The model is defined as KYLIN_SALES Left Join KYLIN_ACCOUNT Inner Join KYLIN_COUNTRY

The SQL is as follows:

select kylin_country.name
from kylin_sales inner join kylin_account on kylin_sales.buyer_id = kylin_account.account_id
inner join kylin_country on kylin_account.account_country = kylin_country.country

The above model can answer this SQL.

Example 2

The model is defined as [Table A] Left Join [Table B] Left Join [Table C] Inner Join [Table D] Left Join [Table E]

The SQL is as follows: [Table A] Inner Join [Table B] Inner Join [Table C] Inner Join [Table D] Left Join [Table E]

The above model can answer this SQL.

Scene Two

SQL has the following characteristics: [Table A] Left Join [Table B] and any column of [Table B] in the filter condition has a non-null constraint, then the SQL semantics is equivalent to [Table A] Inner Join [Table B].

Using kylin.query.join-match-optimization-enabled=true configuration, Kylin can support Left Join model to answer the above equivalent semantic Inner Join query.

The columns with non-null constraints need to meet the condition: they should be isNotNull filter conditions, isNotNull corresponds to common comparison operators: =, <>, >, <, <=, >=, like, In, not like, not in etc.

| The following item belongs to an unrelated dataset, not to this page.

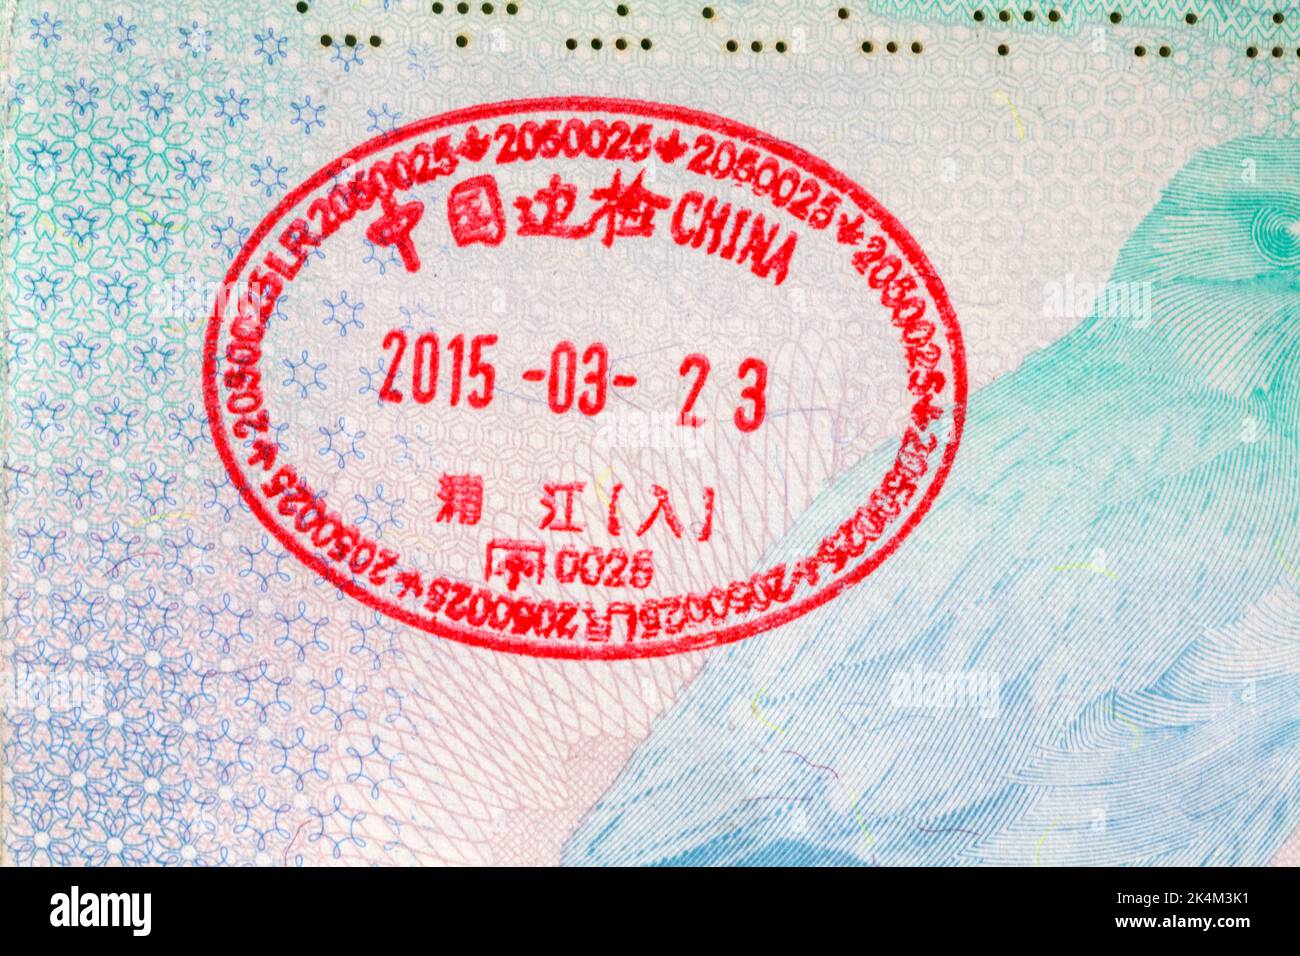 China 2015 03 23 stamp in British passport Stock Photo

isNull filter conditions like IS NULL do not have non-null constraint.

At the same time, the filter conditions IS DISTINCT FROM and CASE WHEN is not supported for the time being, thus will be automatically ignored. See the known limitation 1.

Example 1

The model is defined as: TEST_ACCOUNT left join TEST_ORDER left join TEST_ACCOUNT

There are SQL as follows, which can hit the above model because there is a non-null constraint filter condition.

select SUM(a.ITEM_COUNT) as SUM_ITEM_COUNT
from TEST_KYLIN_FACT a
left join TEST_ORDER b on a.ORDER_ID = b.ORDER_ID
inner join TEST_ACCOUNT c on b.BUYER_ID = c.ACCOUNT_ID
where c.ACCOUNT_COUNTRY ='CN' and (c.ACCOUNT_COUNTRY like'%US' or c.ACCOUNT_COUNTRY is null)

Example 2

The model is defined as: [Table A] inner join [Table B]

There are SQL as follows that can hit this model:

A left join B where B.nonfk = '123' and B.col1 in ('ab','ac')
A left join B where A.col is null and B.col1 like 'xxx'
A left join B where B.col between 100 and 100000
A left join B where A.fk is null and B.col1 ='something'
A left join B where b.col ='something' and (b.col ='xxx' or b.col is null)
A left join B where abs(b.col) = 123
A left join B where floor(b.col) = 123

The following SQL cannot hit this model:

A left join B where B.col1 = 'xx' or A.col2 = 'yy'
A left join B where B.col1 = 'xx' or B.col2 is null

Scene Three

Now there is the model [Table A] Left Join [Table B] left join [Table C].

The following SQL is as follows, you can hit this model:

A inner join B inner join C where C.col ='abc'

The reason is that the columns in table C have non-null constraints, so the query can be equivalent to:

A LEFT_OR_INNER join B LEFT_OR_INNER join C where C.col ='abc'

Scene three is a mixture of scene one and scene two.

Known limitations

  1. For Scene two, judgment of non-null constraints don't include NOT SIMILAR TO, CASE WHEN expressions.
  2. Also for scene two, judgment of non-null constraints don't include aggregation functions like HAVING SUM(PRICE)>0.